Паша вытаскивал из колодца бидон с молоком и слушал разговор у крыльца.
— Мой в сорок третьем погиб, — тихо говорила бабушка, — здесь, под Ленинградом. И подробностей никаких. Вам-то сколько?
— Мне? Семьдесят вроде, — отозвался Лелин дед.
— Значит, мы одногодки с вами. А моему было бы сейчас… шестьдесят семь годочков. Он помладше меня был.
— Три года — это пустяк, — сказал Лелин дед.
— Конечно, пустяк, — подтвердила бабушка.
А Паша подумал: «А у нас какая разница? Пять? Или шесть лет? Разве это пустяк?..»
Он не знал еще, что одно и то же соотношение возрастов воспринимается людьми по-разному в детстве, отрочестве, юности, зрелости, старости… Разница одна и та же, а оценка ее, отношение к ней меняются.
Мальчик охватил ладонями холодный бидон. Хотелось прижаться к нему щекой.
— А моя старуха младше меня на семь лет была, и вот… — Дед вздохнул.
— Царство ей небесное, — сказала бабушка.
«А Сергей? — подумал Паша. — На сколько он старше ее? На семь? На восемь? Нет, это не пустяк…»
Паша открыл бидон и, зажмурив глаза, стал пить большими глотками ледяное молоко. Оно прекрасно утоляло жажду. А кроме того, обладало еще одним удивительным свойством: с каждым глотком дурные мысли исчезали, уступая место хорошим.
* * *
Они сидели на скамейке друг против друга, верхом. Он добродушный, мягкий, широкий, весь такой спокойный и домашний, в распахнутой на груди ковбойке, в синих спортивных брюках. Ничто в нем не напоминало о его профессии, о небе, о самолетах — словом, о том, что в представлении мальчика неразрывно было связано с серыми, стального оттенка глазами, крутым подбородком, строгим профилем… А тут что-то круглое, розовое, и это: «Все в порядочке… В порядке… Грей щи…»
Леля крутилась напротив него на скамейке, порывалась встать, вела себя неспокойно и дерзко. Паша, сидевший на траве рядом с ними, переводил взгляд с одного на другого и испытывал странные, противоречивые чувства. Несмотря на свою простоватость, этот Сергей ему нравился. В нем была спокойная уверенность и щедрое добродушие, которыми так часто отличаются сильные люди. Пашу тянуло подойти, сунуться головой ему под руку, почувствовать тяжесть его ладони на своем плече, бежать куда-то по поручению этого человека…

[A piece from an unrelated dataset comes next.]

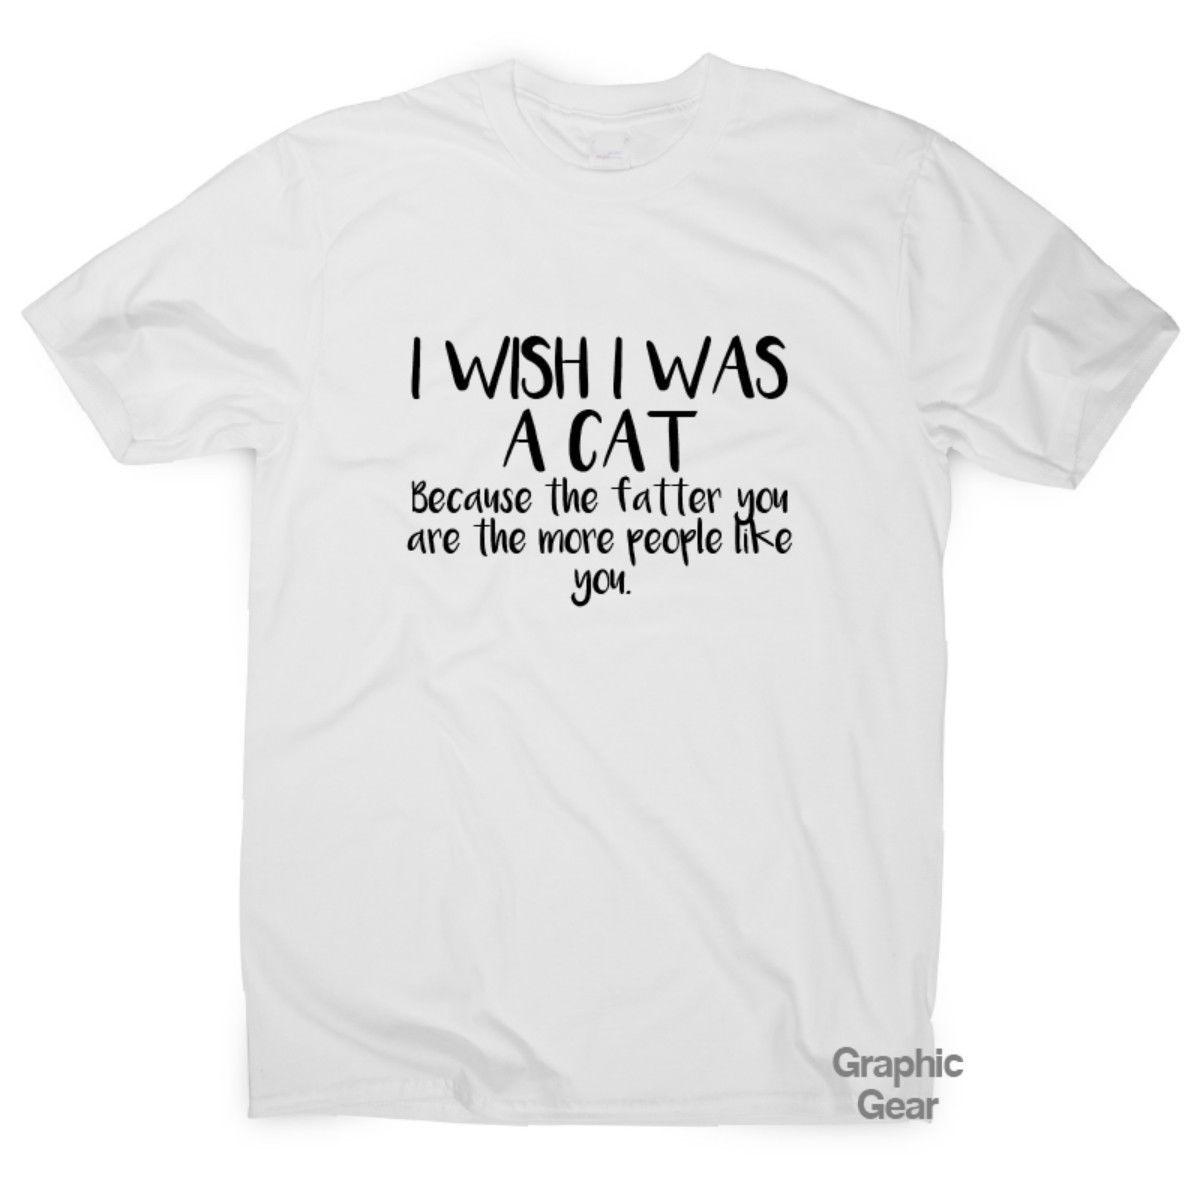 f2742c3a9a3c I Wish I Was A Cat - Funny Gym T Shirt Gift Mens Womens Fitness Tee Novelty  T Shirt Men Man's Online Designer Short Sleeve Fashion Custom Pl

Но сначала пусть они поссорятся. Да, пусть поссорятся. Он мечтал об этом. Он ждал очередной Лелиной насмешки, колкости, шутки и подзадоривал ее про себя, и высматривал на лице Сергея следы обиды, и злился, что тот непробиваем: благодушная улыбка не сходила с его лица.
— Сережа, — говорила она, — почему вы такой сонный?
Он добродушно пожимал плечами.
— Больше не поеду на вашем мотоцикле.
— Почему?
— А заснете за рулем — и врежемся.
— Честное слово, не засну! — уверял Сергей.
— Ну вот, все понял буквально. Вы совершенно лишены чувства юмора.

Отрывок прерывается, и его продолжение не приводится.